El próximo 18 de junio se cumplirán ocho años desde que el papa Francisco publicó la encíclica Laudato si, un llamado a la humanidad para el cuido, protección y buen uso de los recursos de la naturaleza. Un llamado que entroncó con el creciente —pero aún insuficiente—aumento de la conciencia global del daño que se ocasiona al planeta y de la necesidad de cambiar hábitos a escala mundial. Si bien la encíclica no cayó en el vacío, tampoco recibió la atención que merece dada su importancia para el presente y futuro tanto de la vida humana como la de millones de especies con las que se comparte esta casa común.
En el caso de El Salvador, el cuadro es aún peor. A pesar de la pequeñez del territorio nacional, su aguda vulnerabilidad ambiental y la alta densidad poblacional, muy pocos tienen un compromiso serio, coherente y constante con el cuido del medio ambiente; son mayoría los que consciente o inconsciente siguen con prácticas que lo destruyen. Por ello, las Iglesias, las instituciones educativas y las organizaciones gremiales y sociales deben implicarse más en la generación de la conciencia que permita el cambio de actitud requerido.
Por su parte, el Estado salvadoreño tiene, por mandato constitucional, “el deber de proteger los recursos naturales, así como la diversidad e integridad del medio ambiente para garantizar el desarrollo sostenible”. Sin embargo, no ha sido coherente con esa obligación; en no pocas ocasiones no solo la ha descuidado, sino que ha promovido o avalado prácticas muy dañinas.
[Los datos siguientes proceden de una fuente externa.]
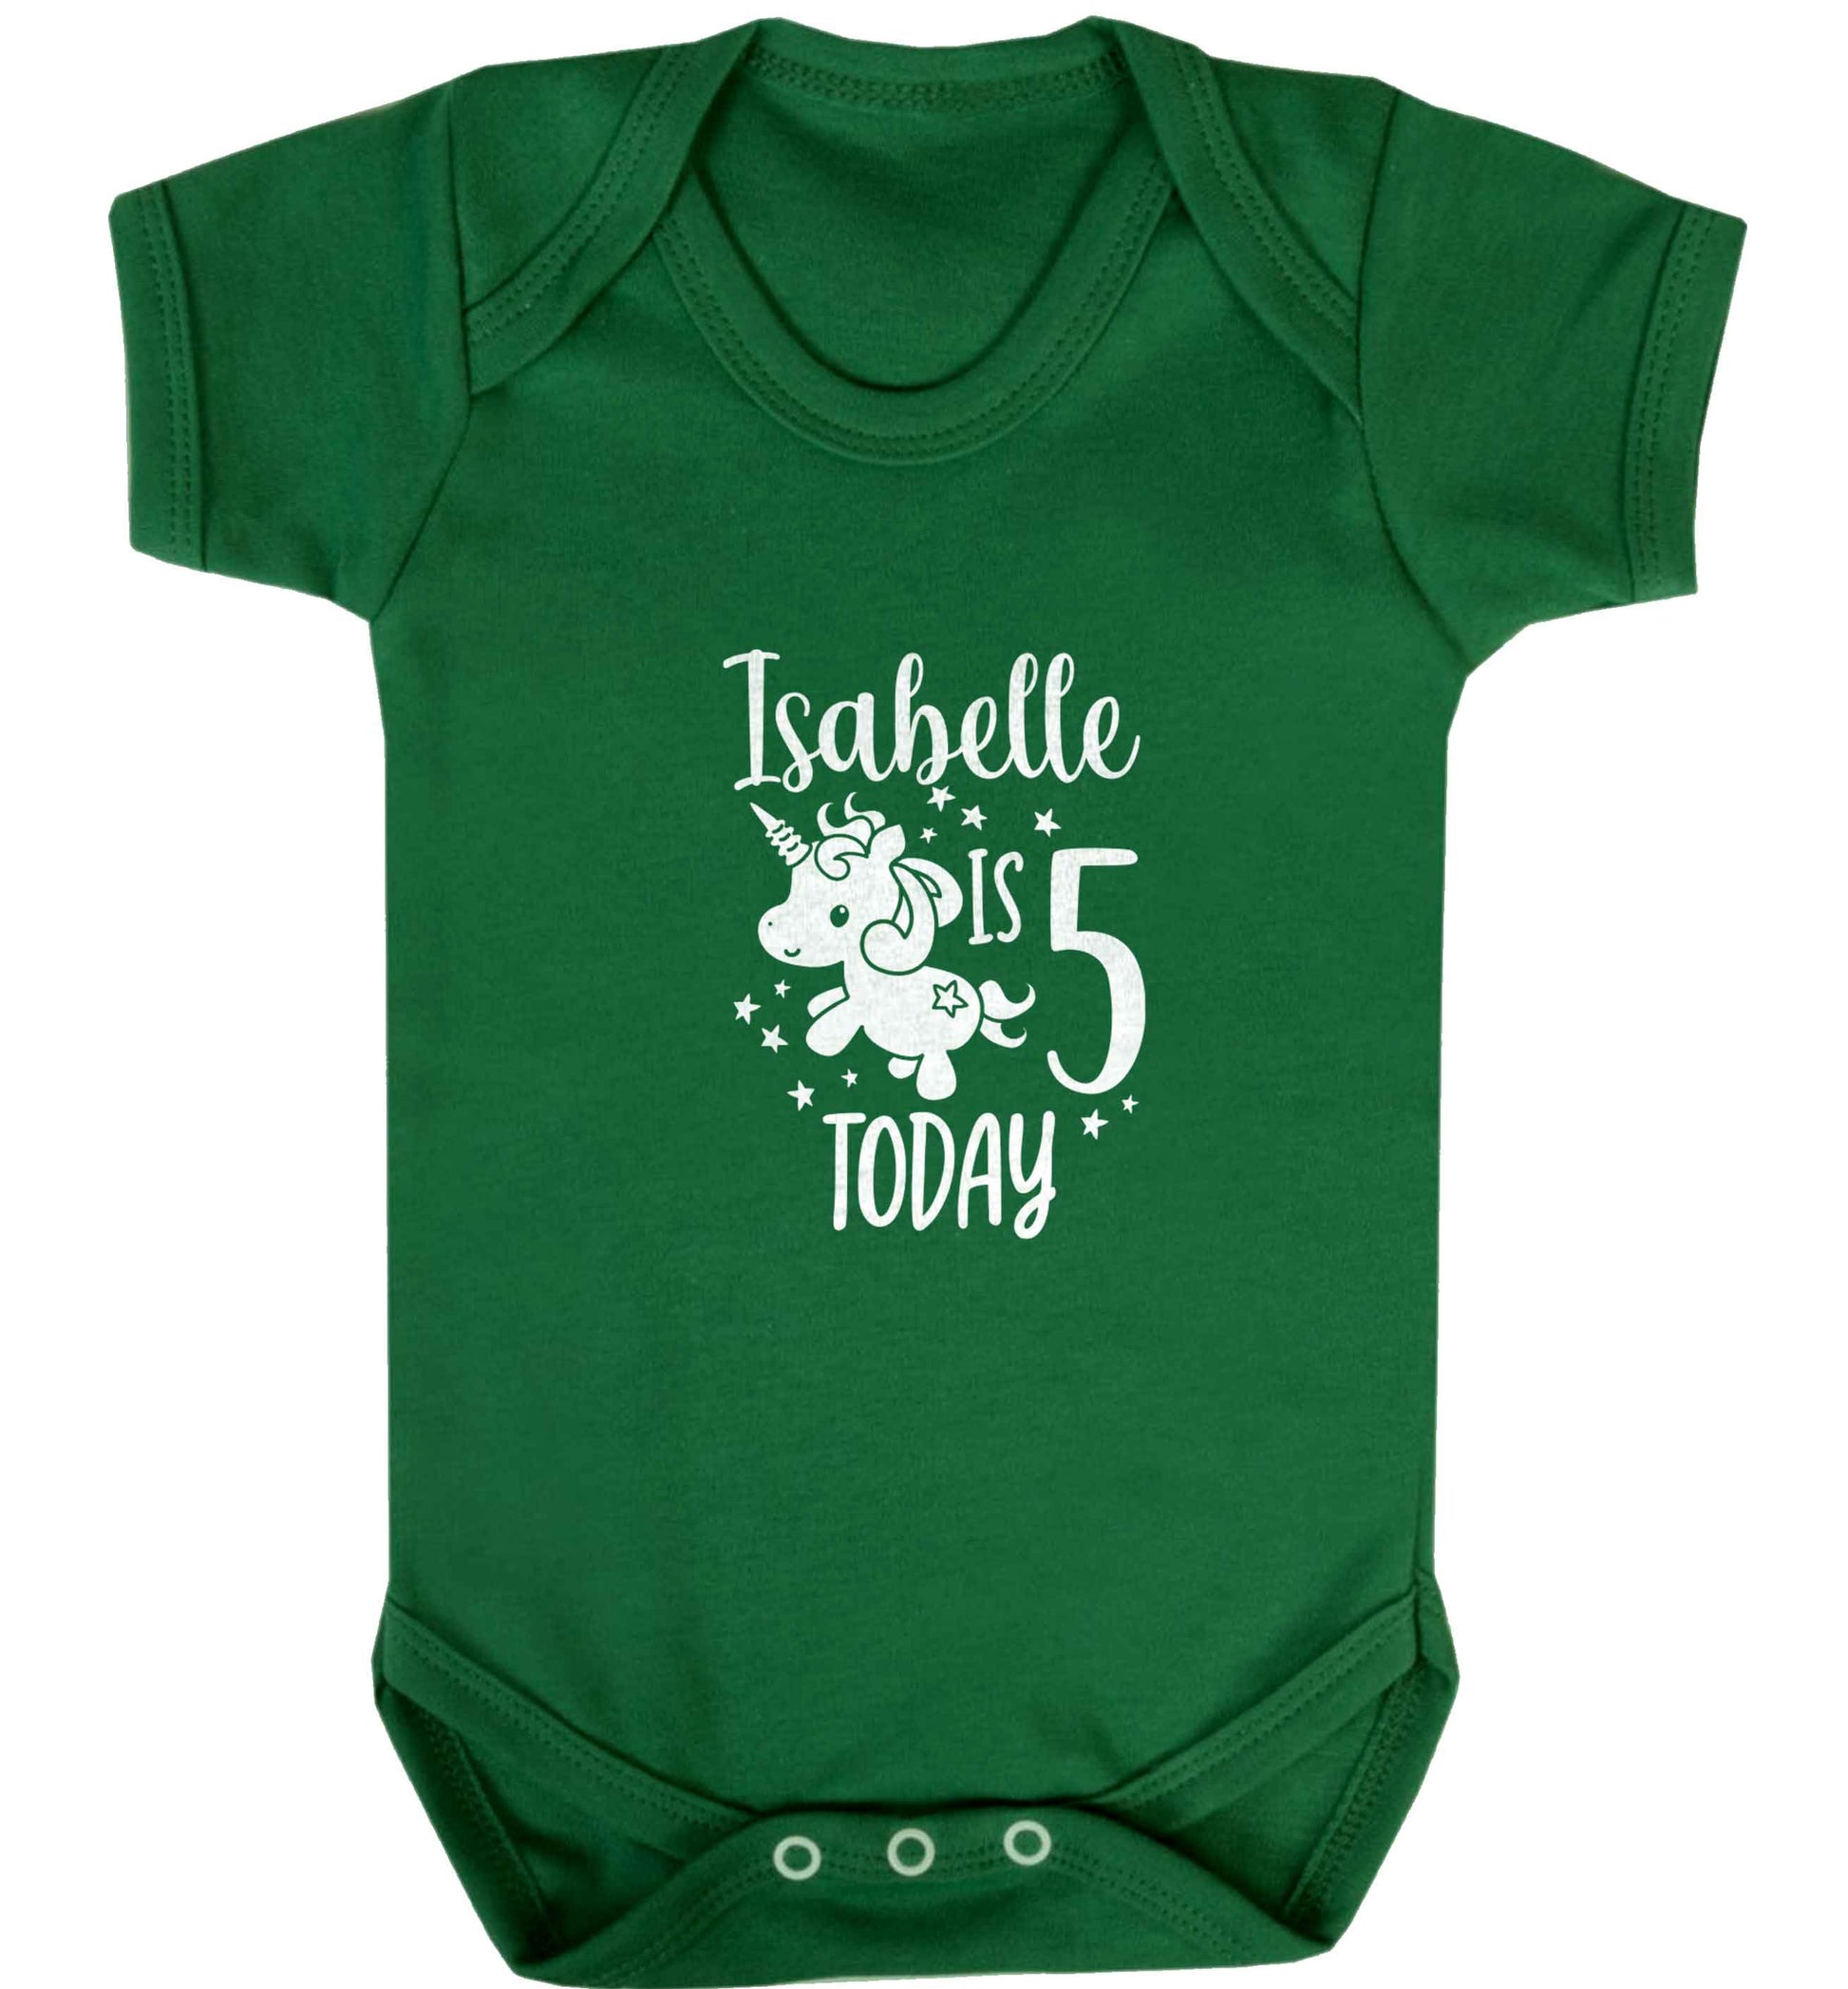 Today I am - Personalise with any name or age! Birthday unicorn baby vest green 18-24 months

Los permisos de construcción de complejos residenciales o industriales en zonas boscosas y montañosas, la desprotección de quebradas y ríos, la permisividad con la roza y quema, la falta de un buen ordenamiento territorial y el abandono a su suerte de especies en peligro de extinción son algunas muestras de un Estado que no cumple con su deber institucional de proteger la integridad del medioambiente.
Es muy claro que en el país se privilegian los intereses particulares sobre el bien común y se ponen por delante los beneficios inmediatos sobre los de largo plazo; el medio ambiente no queda fuera de esa lógica. Al igual que en el pasado, el poder del capital se impone, y así como hace décadas logró revertir políticas como la reforma agraria, hoy logra el favor de las autoridades para que otorguen permisos a proyectos millonarios altamente perjudiciales para el medio ambiente; proyectos que profundizan la crisis medioambiental que ya vive el país.
En este marco, preocupa que se pueda revocar la prohibición de la minería metálica en El Salvador mediante la abolición o modificación de la ley que, gracias a la presión de Iglesias, medioambientalistas, la academia y las comunidades afectadas, fue aprobada hace seis años por la Asamblea Legislativa. Tal como se lee en el reciente pronunciamiento de un amplio abanico de organizaciones sociales en contra de la minería, “la minería de metales [...] destruye bosques, genera drenaje ácido, contamina el agua, causa enfermedades y deja enormes cantidades de desechos que constituye una amenaza mortal para las plantas, los animales y las personas [...] Estos daños ponen en peligro la continuidad de la vida, sobre todo porque los pretendidos proyectos mineros se ubican en la franja norte del país, que es la cuenca del río Lempa, el principal afluente nacional”. Un peligro de tal calibre amerita una vigilancia ciudadana permanente y proactiva. ¿Por qué resignarse a dejar por herencia un país de cenizas?